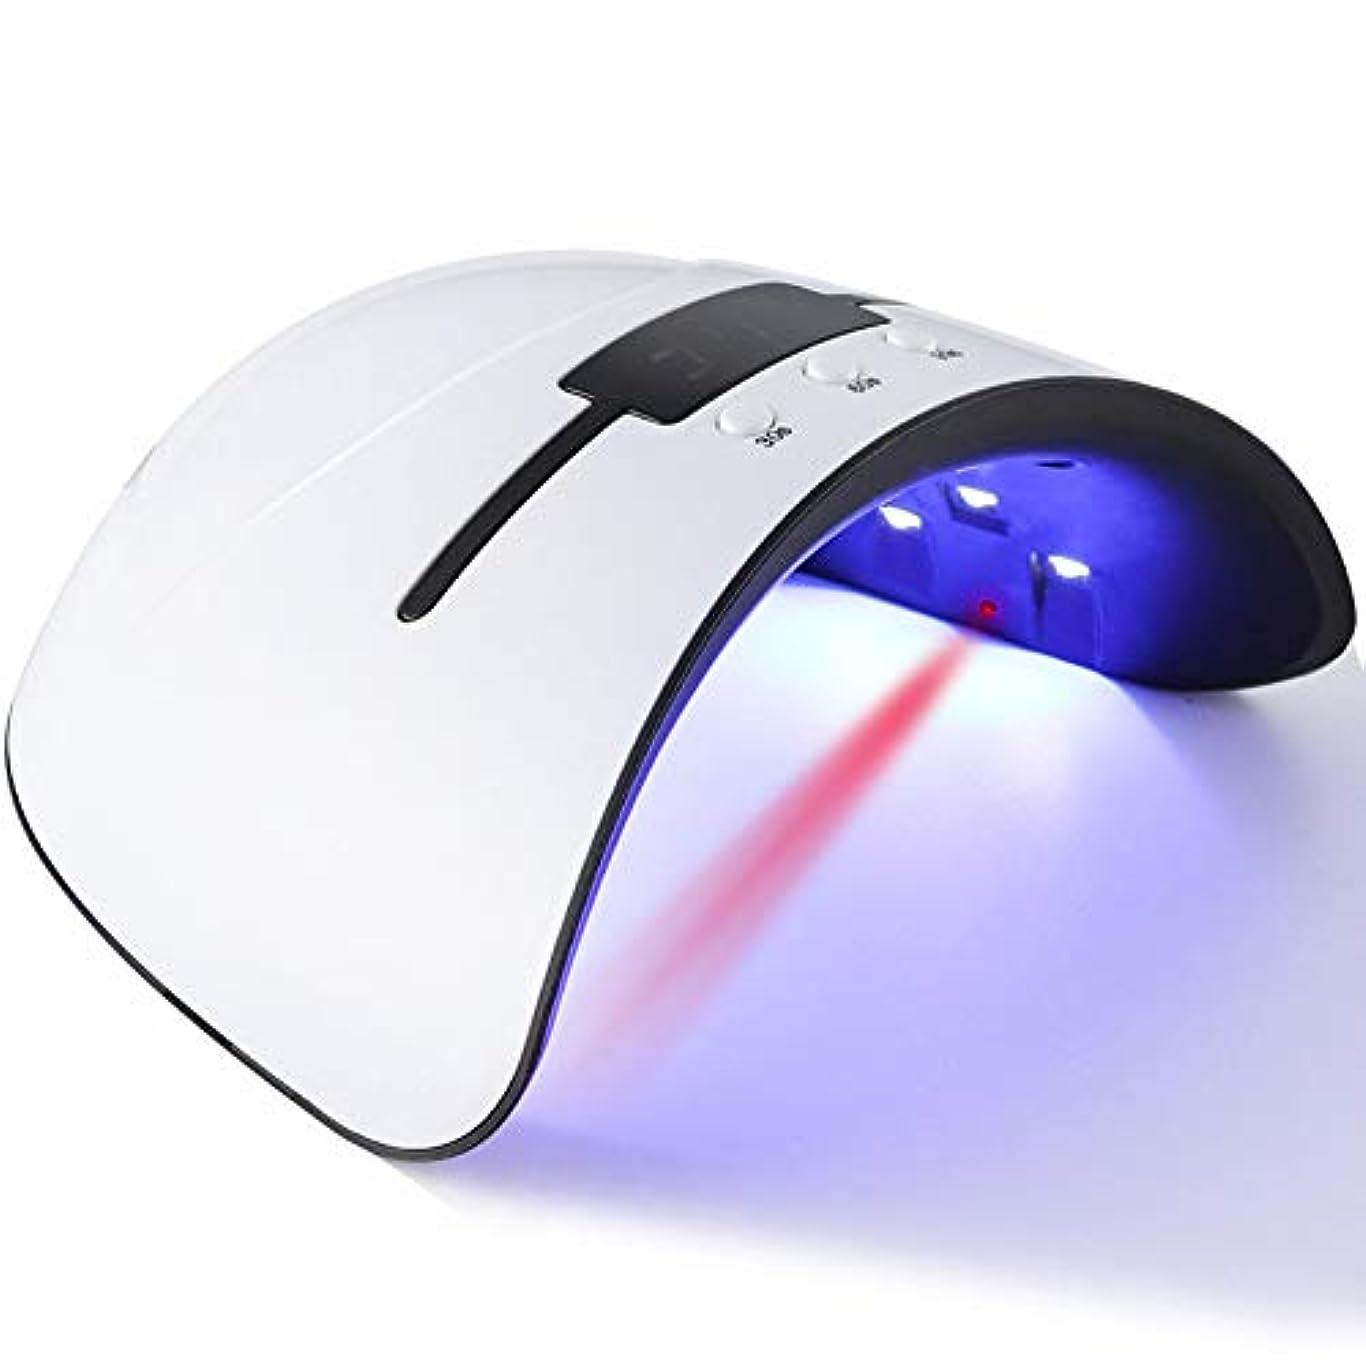 カトリック教徒静けさブラザー硬化ライト ネイルlight ジェルネイル LED ネイルドライヤー 日本語説明書付属 36W 無痛硬化 赤外線検知
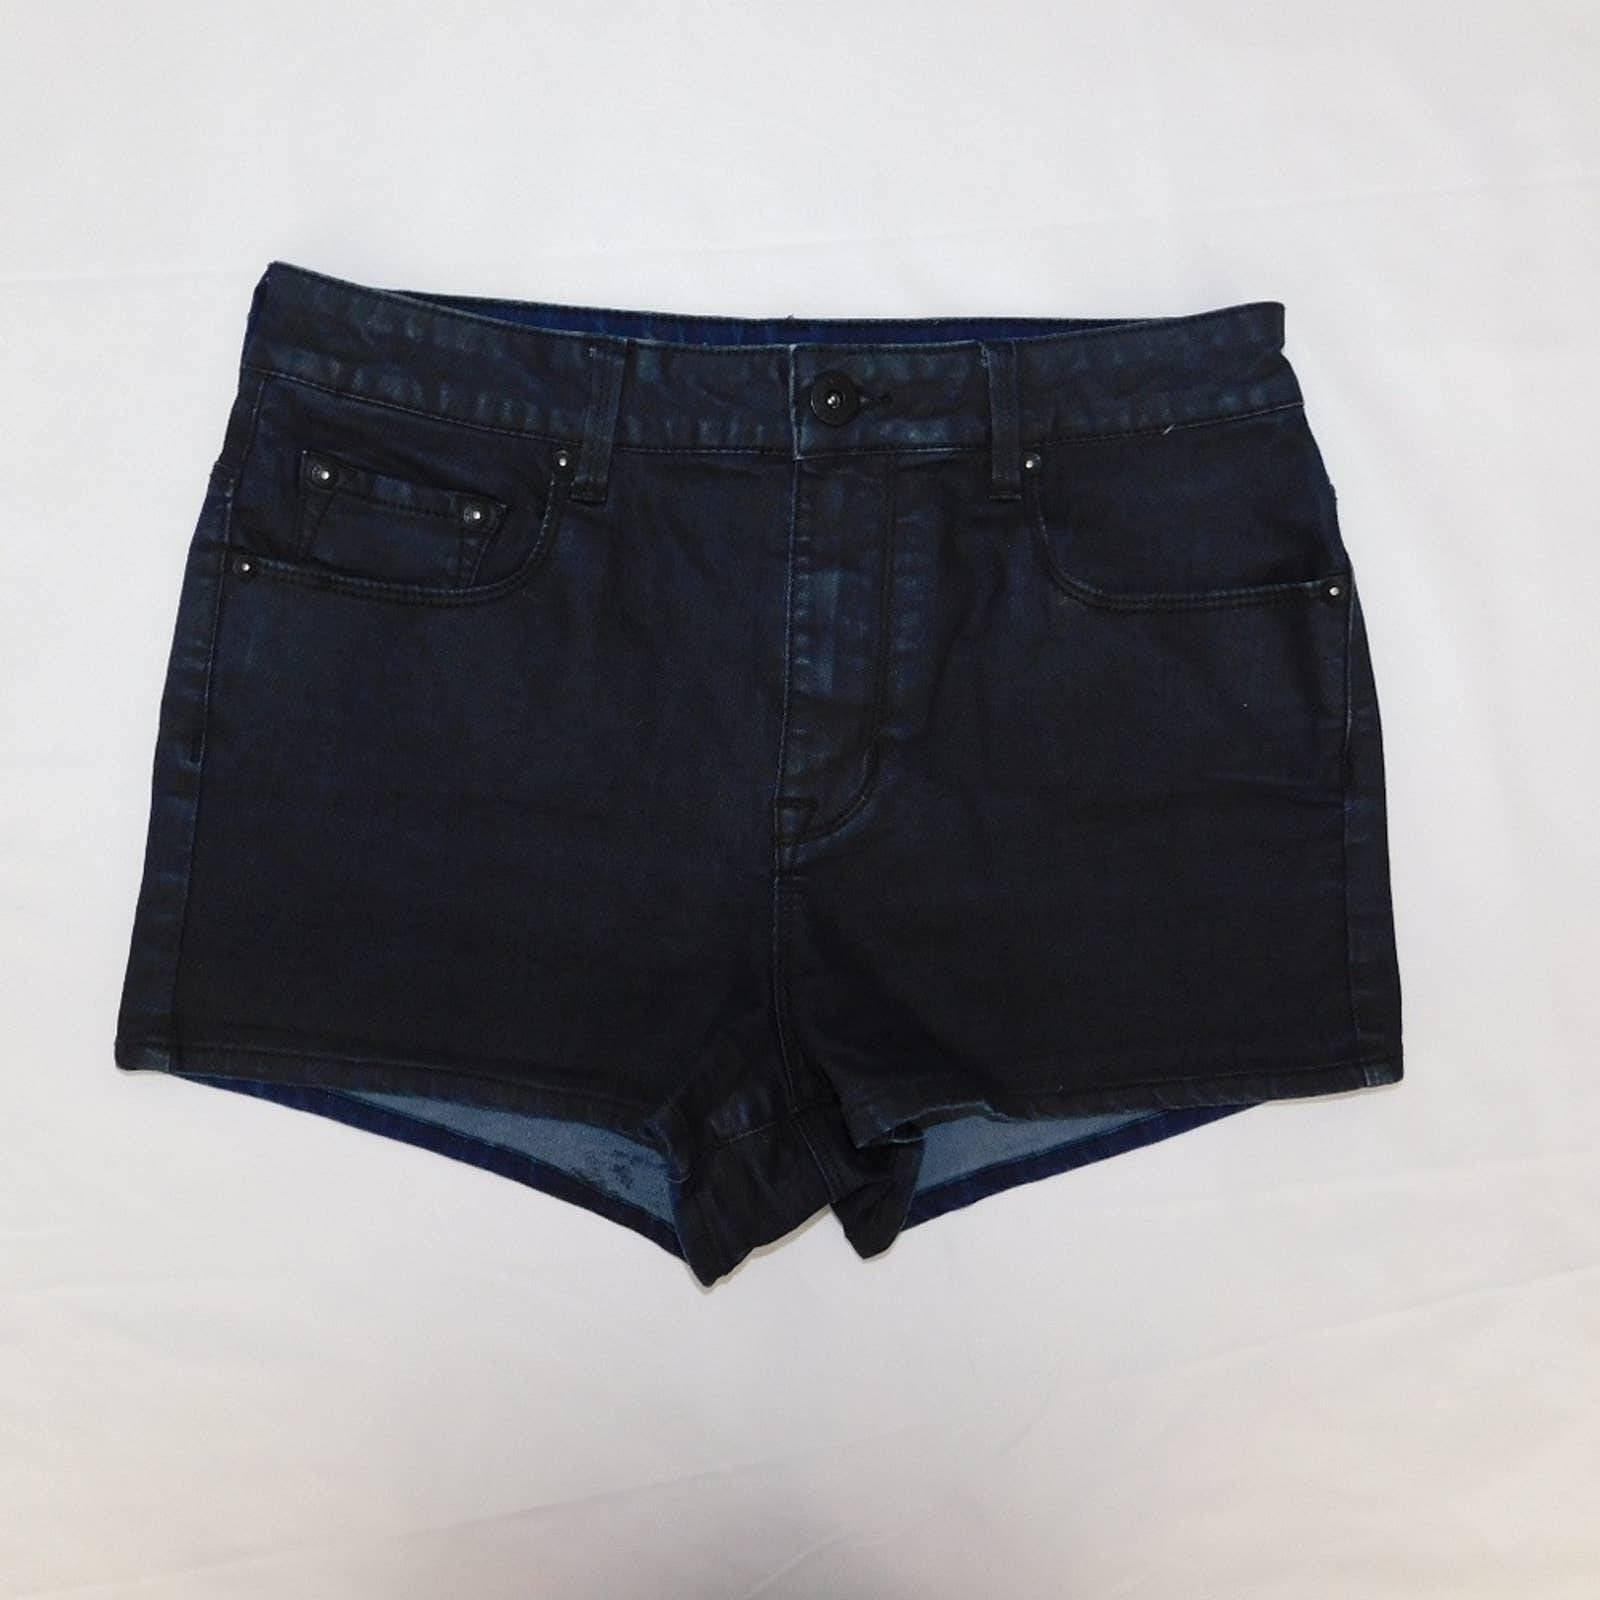 Bullhead Denim Co. Shorts Size 11
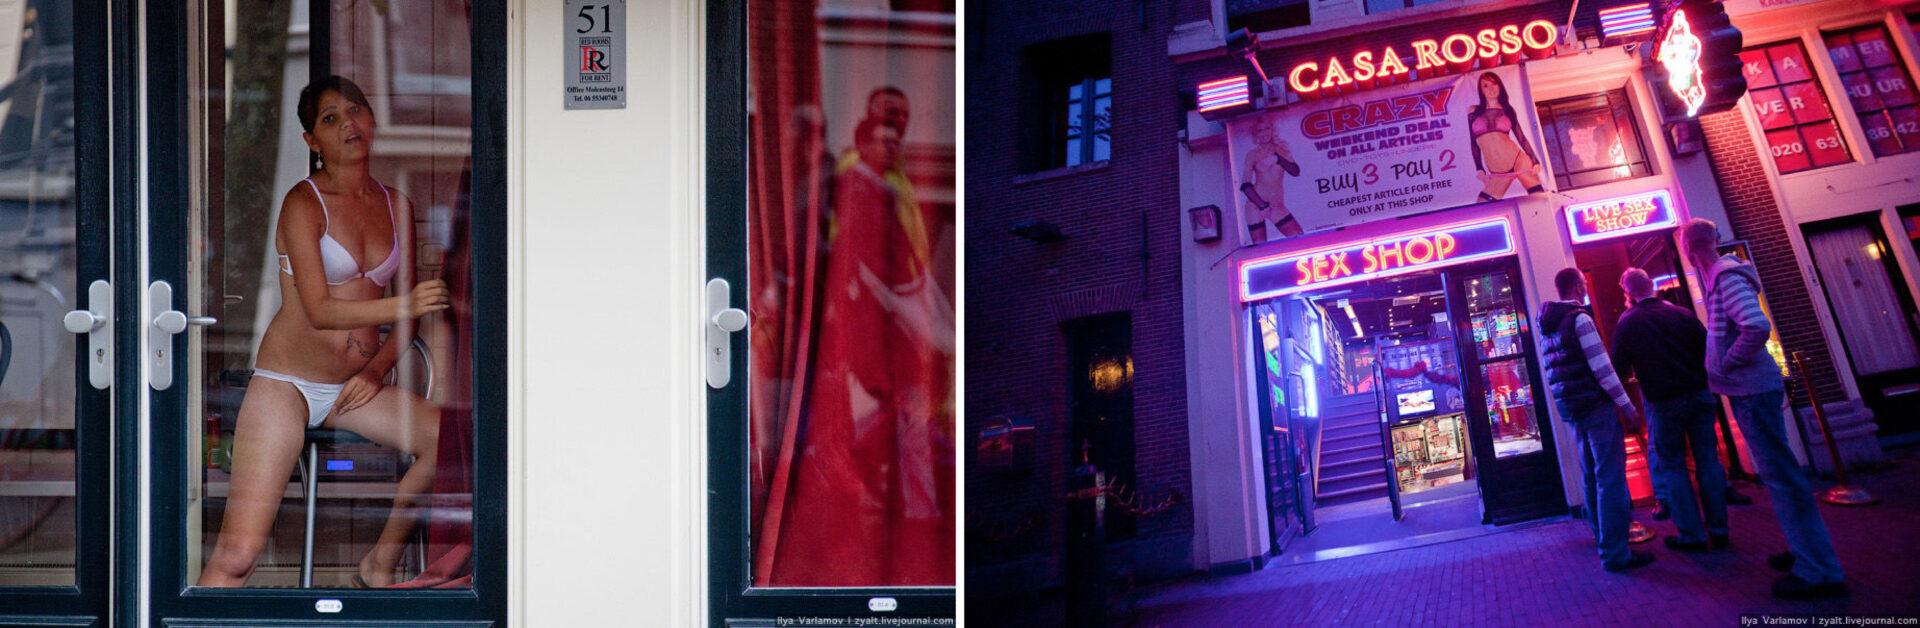 проститутки амстердама видео - 5
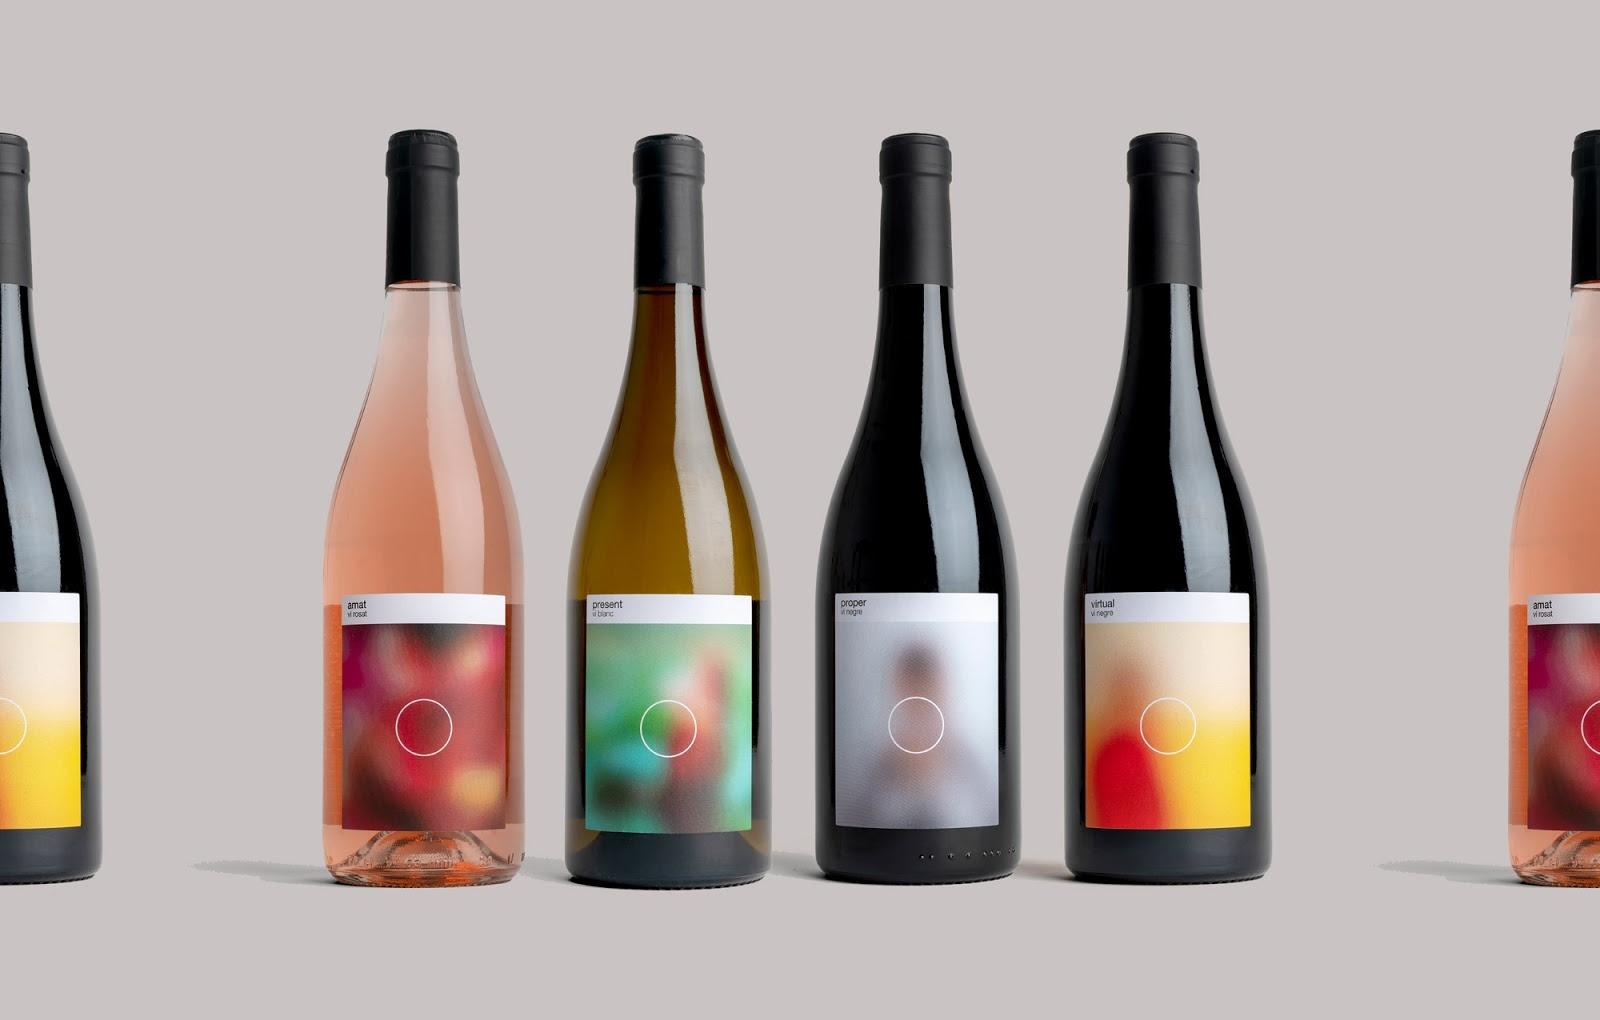 Xu hướng thiết kế bao bì 2020 ví dụ: nhãn chai rượu vang với hình ảnh mờ

**Assigned task:** Write out all the material above exactly, with no image carried over.

**Task answer:**
 カトリック教徒静けさブラザー硬化ライト ネイルlight ジェルネイル LED ネイルドライヤー 日本語説明書付属 36W 無痛硬化 赤外線検知
 Bullhead Denim Co. Shorts Size 11
 проститутки амстердама видео - 5
 Xu hướng thiết kế bao bì 2020 ví dụ: nhãn chai rượu vang với hình ảnh mờ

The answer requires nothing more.